16. Yüzyıl’da Hafsa Sultan adına Darüş-şifa (Bimarhane) olarak yaptırılan bina, Celal Bayar Üniversitesi’nin “500 Yıllık Şifahane Tıp Tarihi Müzesi İle Hayat Buluyor” projesiyle ayağa kaldırılmış. Zafer Kalkınma Ajansı projeye 200 bin lira dolayında mali destek vermiş. Açıldığından bu yana şifalı mesir macunu karma törenlerinin yapıldığı ve bimarhane olarak kullanılan, şifa dağıtan yapı, uzun süre kullanılmamış. 2013 yılında ise gördüğü restorasyon ve düzenlemelerin ardından Tıp Tarihi Müzesi olarak kapılarını açmış. Yılda yaklaşık 50 bine yakın ziyaretçinin gezdiği, ücretsiz ziyaret edilen müzeye özellikle tıp öğrencileri sıklıkla gelir olmuş.
Bölgemizde tek örnek

Türkiye’de sağlık alanında sahip olduğumuz zengin mirasımızı gösteren müze örnekleri var. İstanbul Üniversitesi Cerrahpaşa Tıp Fakültesi Tıp Tarihi Müzesi, Ankara Gülhane Askeri Tıp Akademisi Tıp Tarihi Müzesi, Trakya Üniversitesi Sultan II. Bayezid Külliyesi Sağlık Müzesi gibi.

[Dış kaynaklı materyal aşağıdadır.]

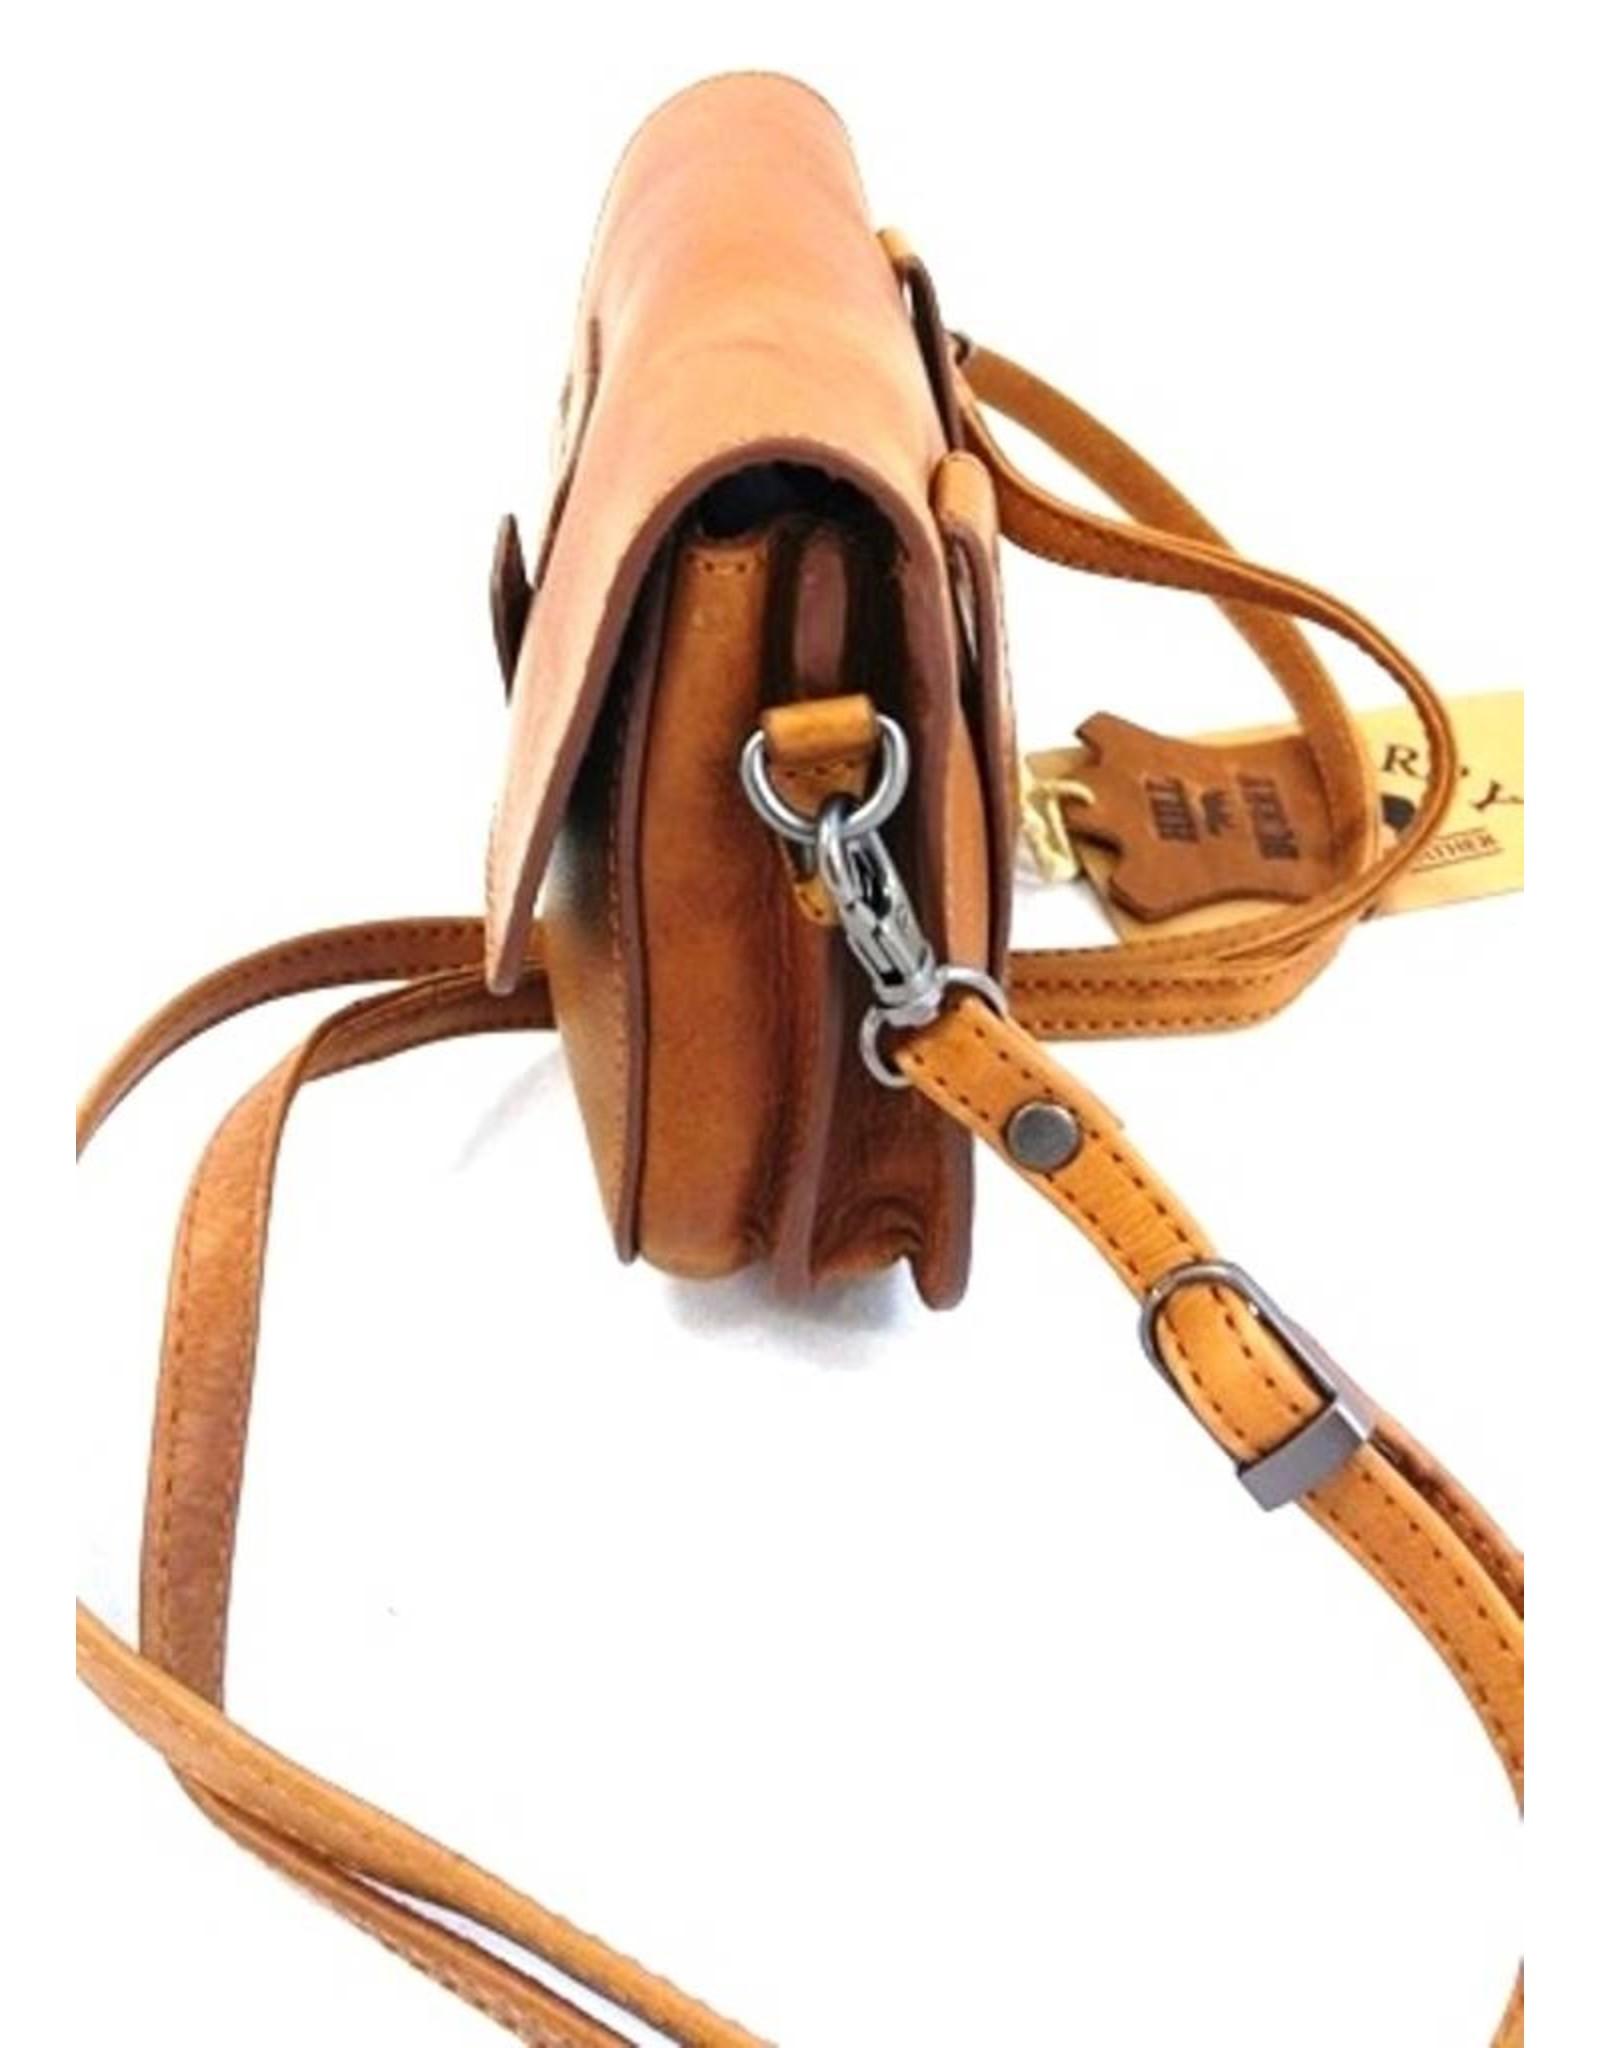 HillBurry Leather bags - HillBurry Leather Shoulder bag 3279cg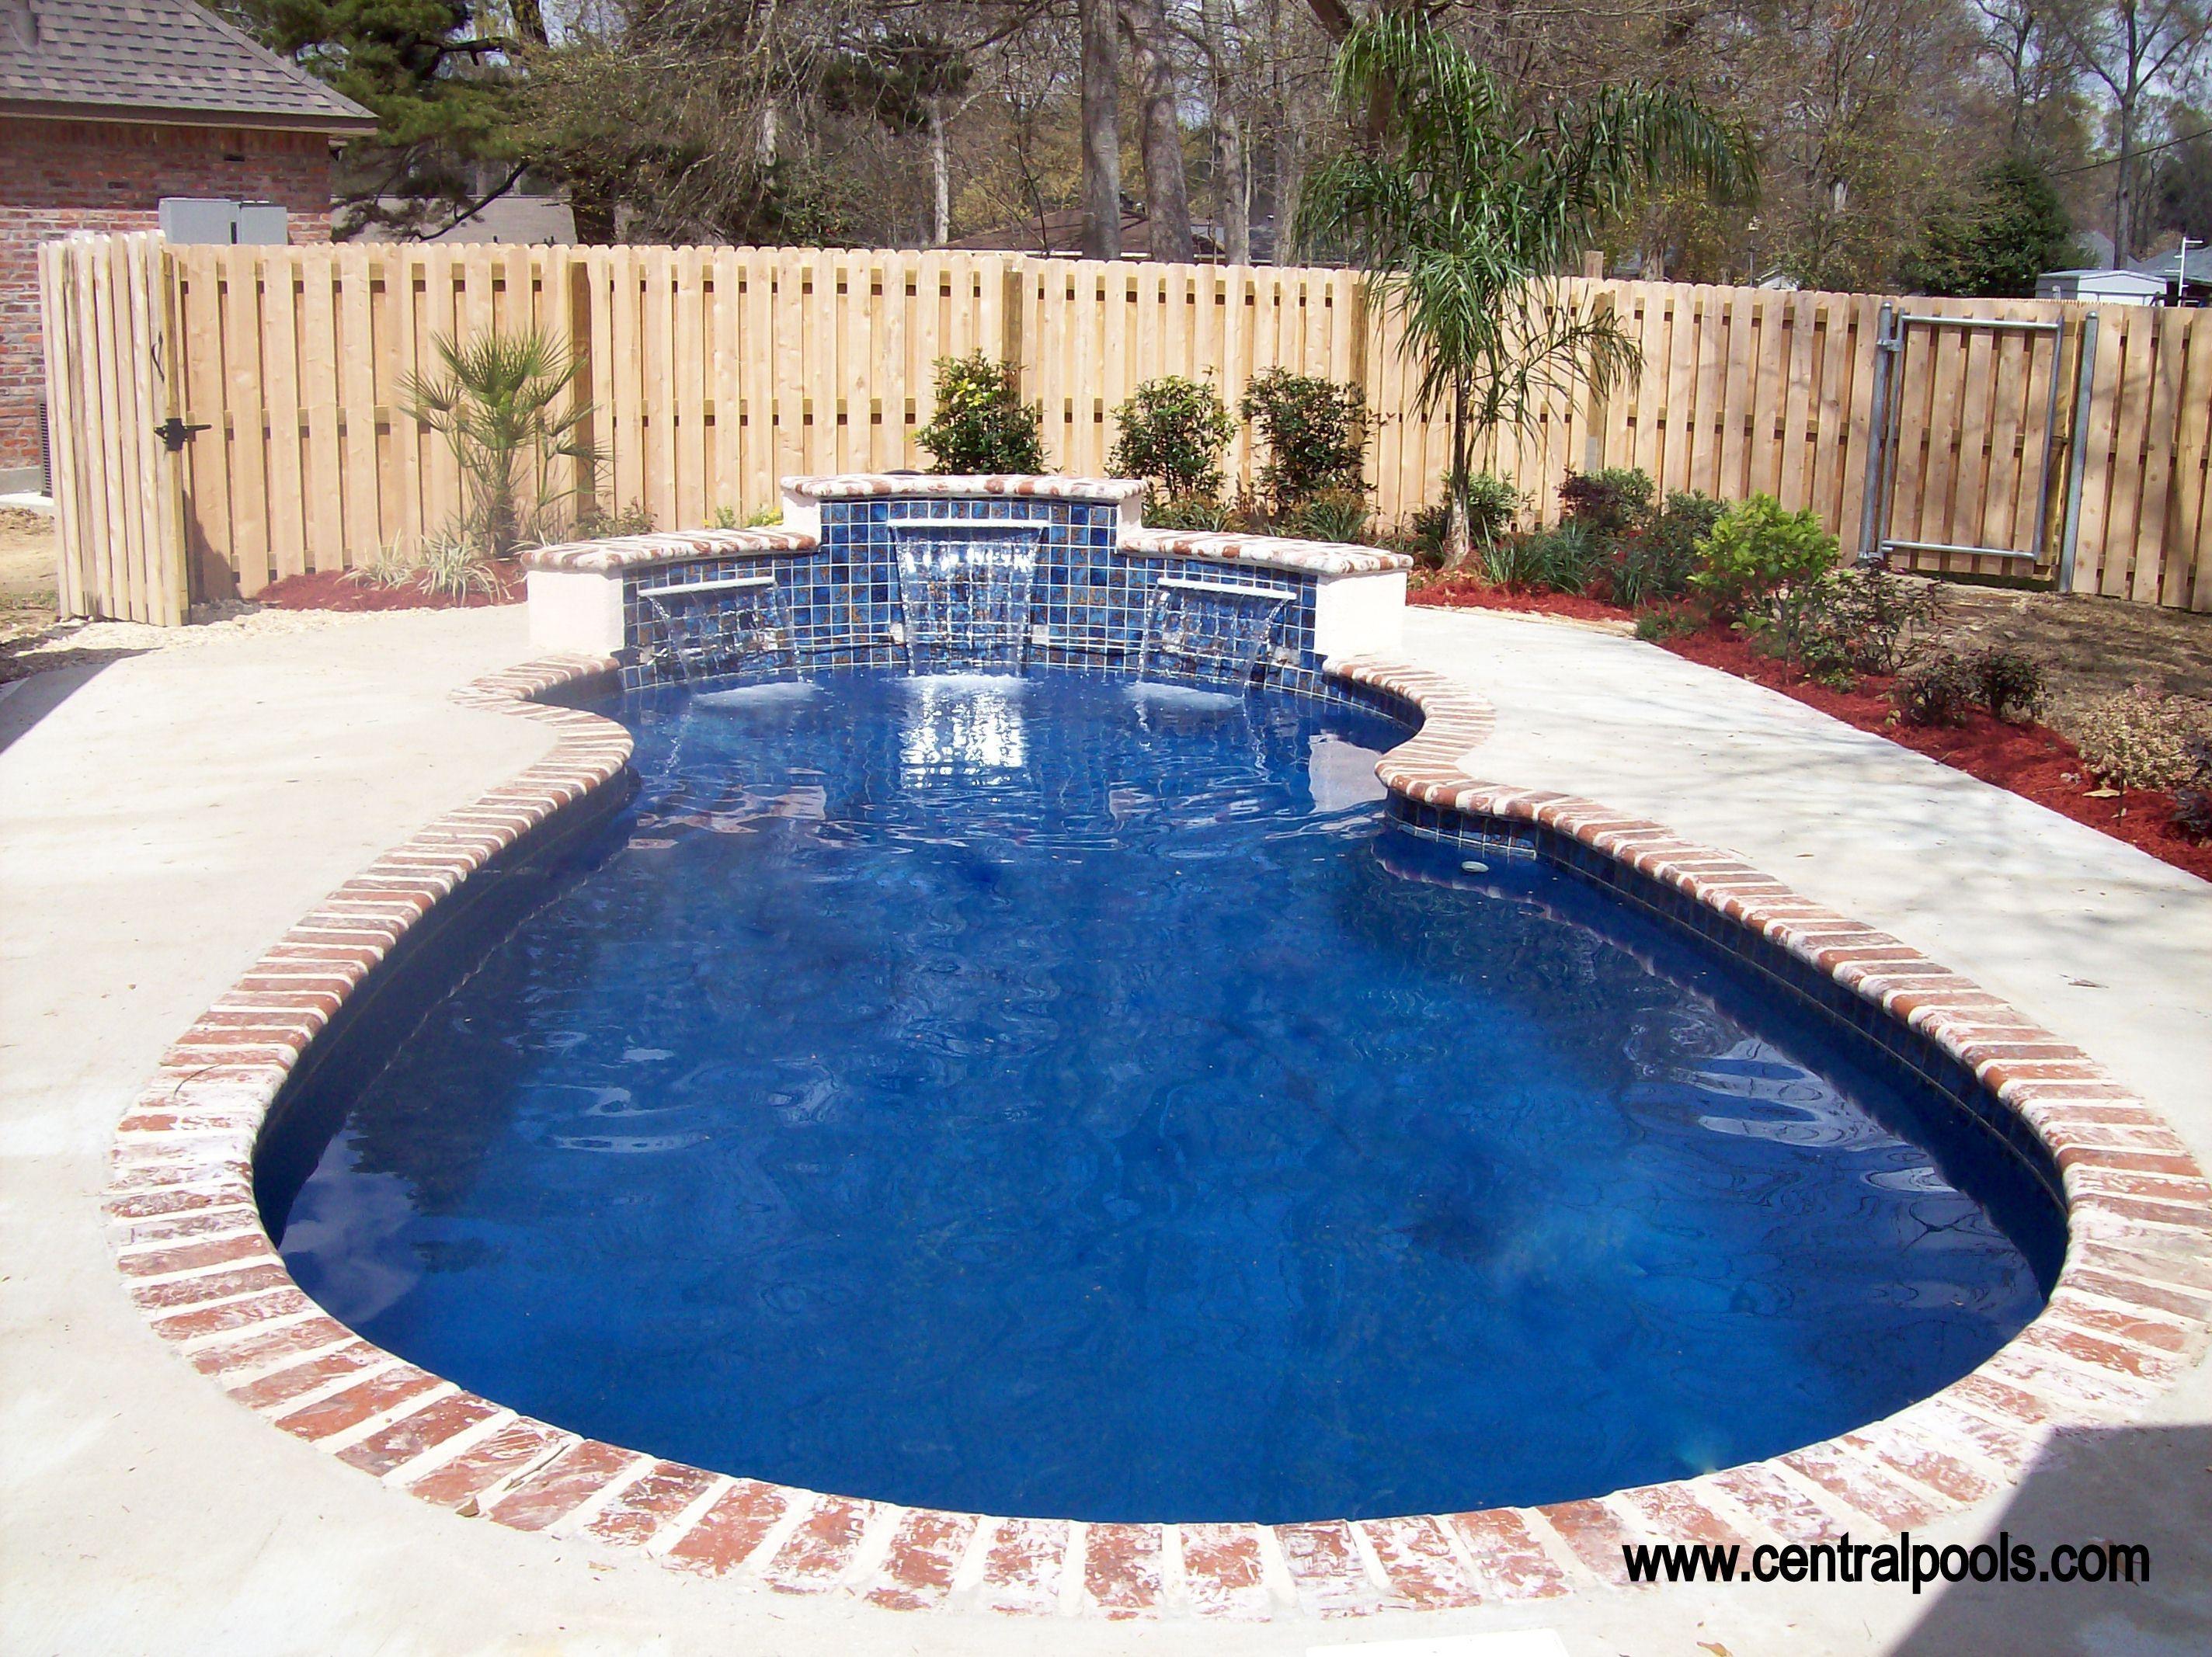 Central Pools Baton Rouge Fiberglass Pools Pool Fiberglass Pools Fiberglass Swimming Pools

Manisa Celal Bayar Üniversitesi Hafsa Sultan Darüşşifası Tıp Tarihi Müzesi, yanılmıyorsam alanında bölgemizdeki tek müze. Osmanlı tıp dünyasında kullanılan malzemelerin, yöntemlerin, hekimlerin uygulamalarının anlatıldığı müzenin girişinde üzerinde şifalı bitkilerin resimlerinin yer aldığı ve ne için kullanıldıklarının anlatıldığı doğaltaşlar sıralanmış. Taşlar üzerinde yazılı bilgiler doğanın her derde deva olduğunu düşündürüyor ziyaretçilere. Şifacıların bıraktığı kültürel miras sergileniyor öte yandan müzenin girişinden başlayarak.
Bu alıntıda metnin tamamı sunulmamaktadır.